[Opening PROVIDED INFORMATION section]

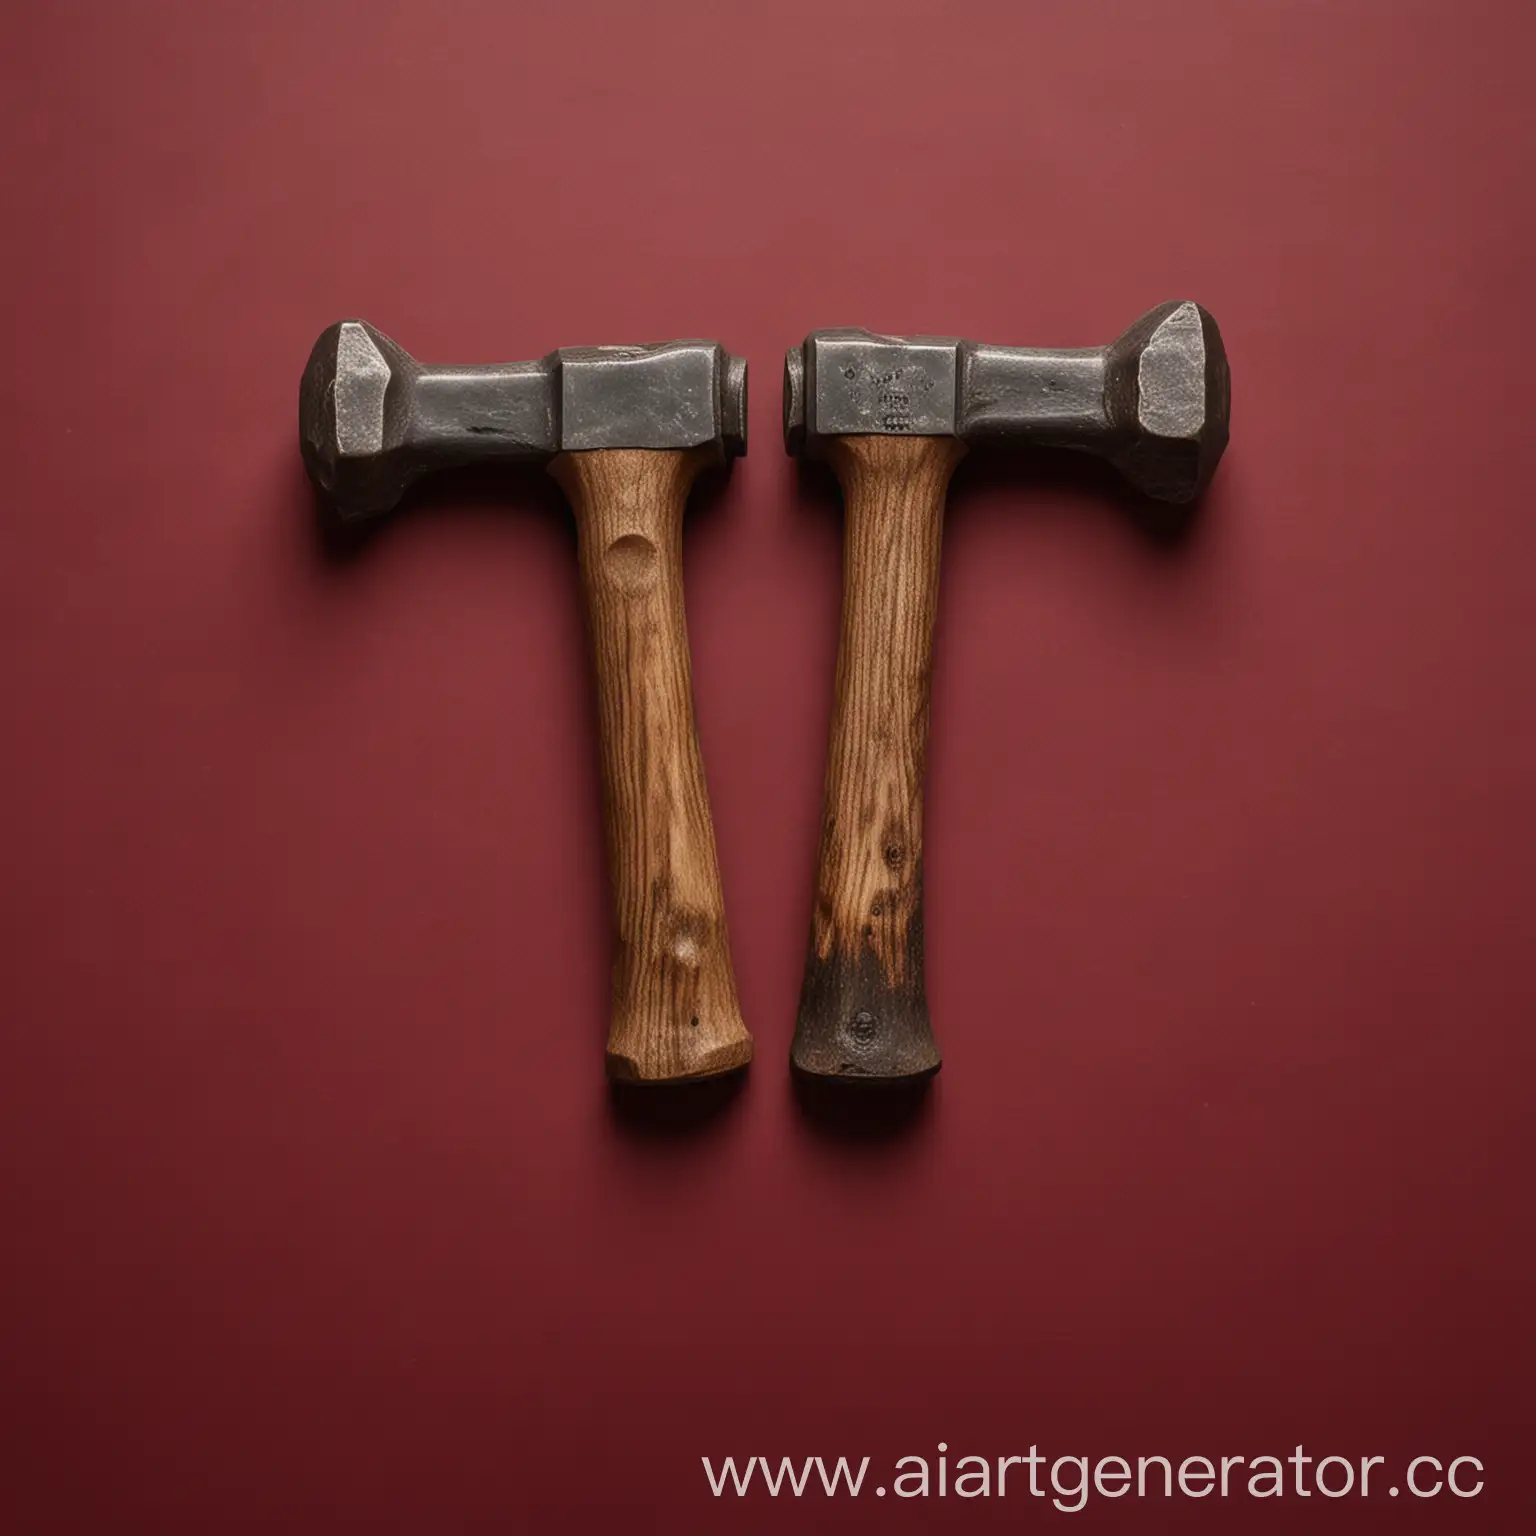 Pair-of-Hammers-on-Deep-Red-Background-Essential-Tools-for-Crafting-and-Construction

[Closing PROVIDED INFORMATION section]
[Opening PROVIDED INFORMATION section]

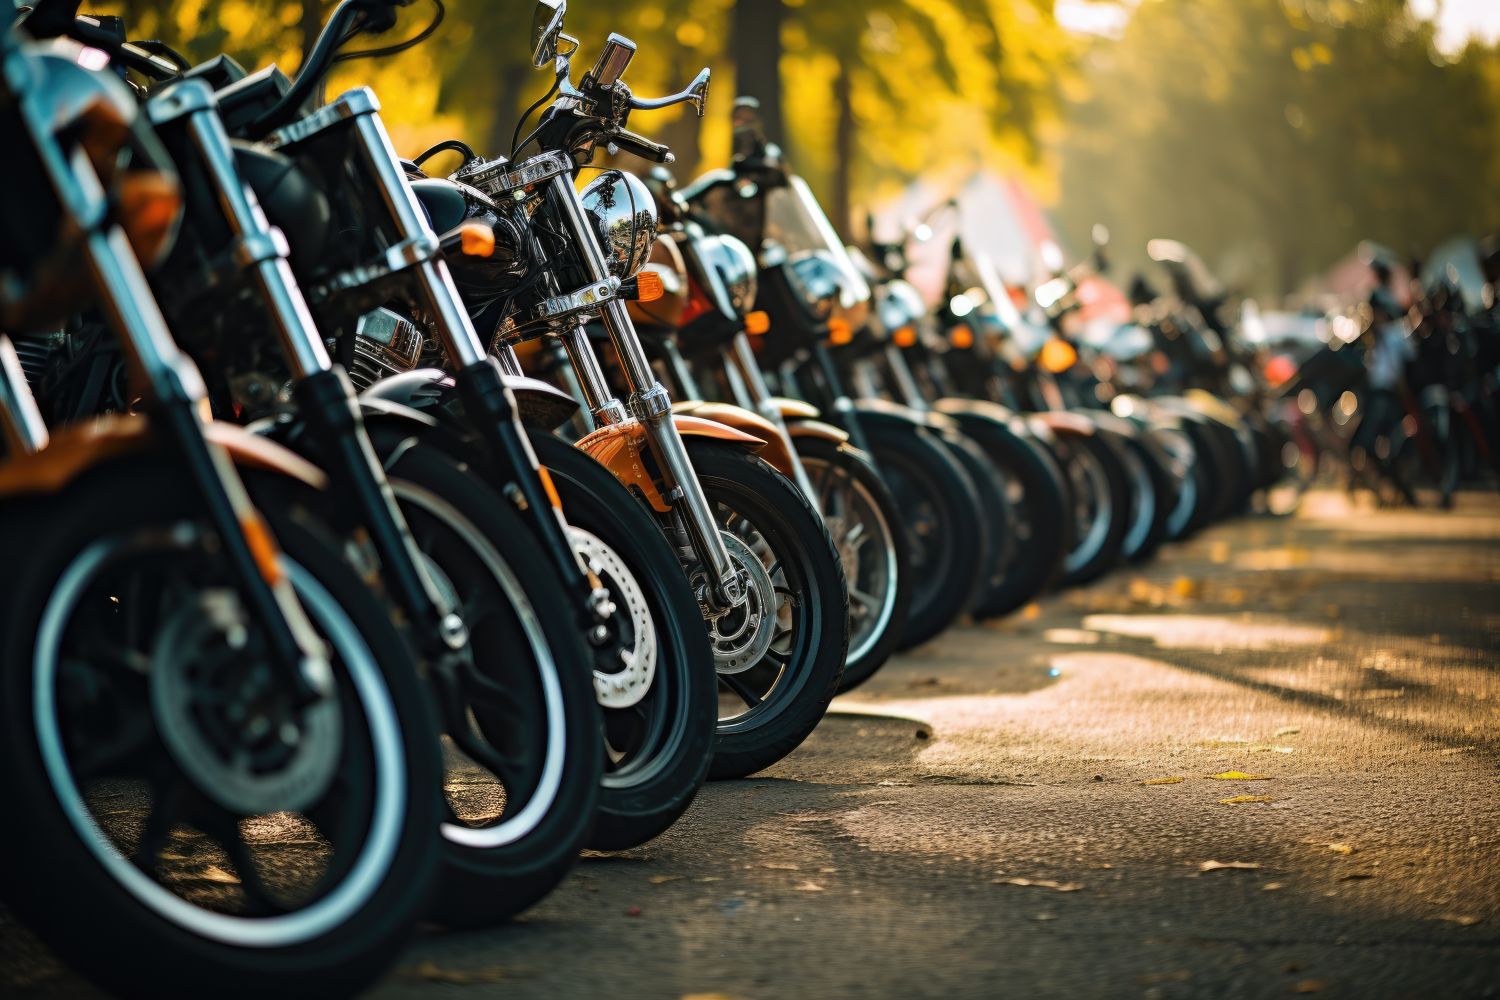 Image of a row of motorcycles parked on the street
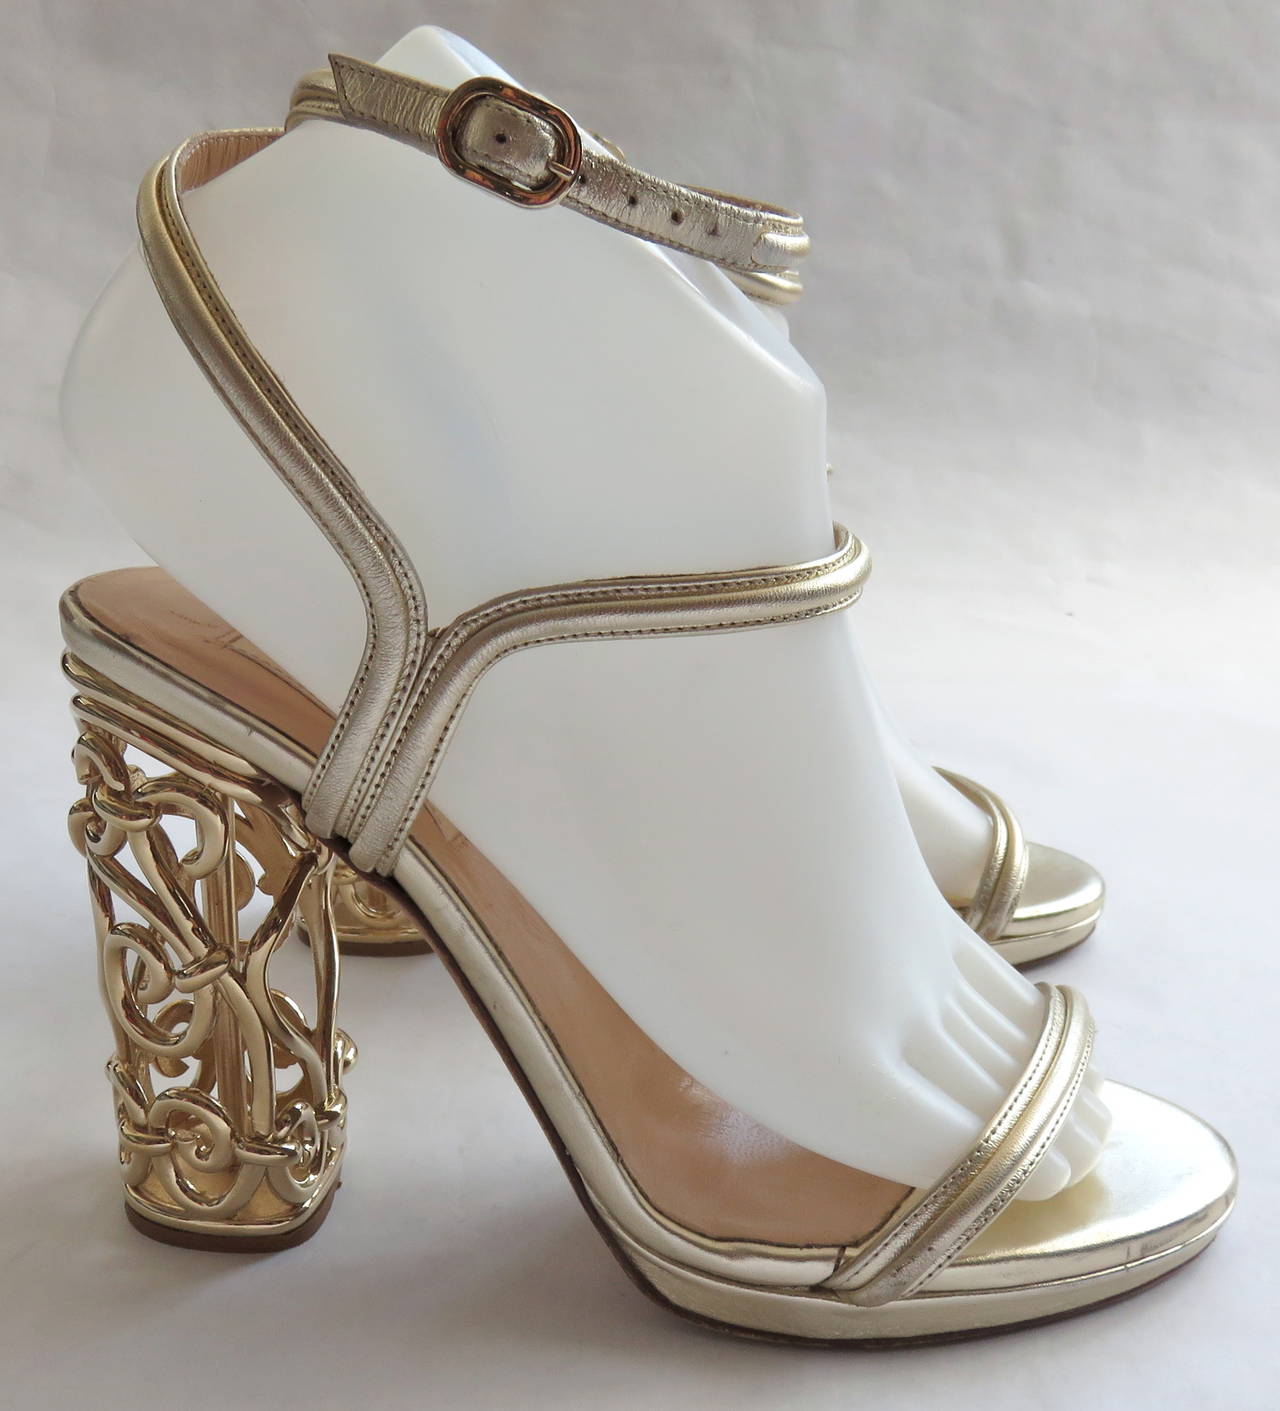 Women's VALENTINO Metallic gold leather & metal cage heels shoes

[Closing PROVIDED INFORMATION section]

Go back to the listing above and reproduce, exactly, the stretch from the line bearing "Image of a row" through the line bearing "Women's VALENTINO Metallic", without its pictures.

 Image of a row of motorcycles parked on the street
 Women's VALENTINO Metallic gold leather & metal cage heels shoes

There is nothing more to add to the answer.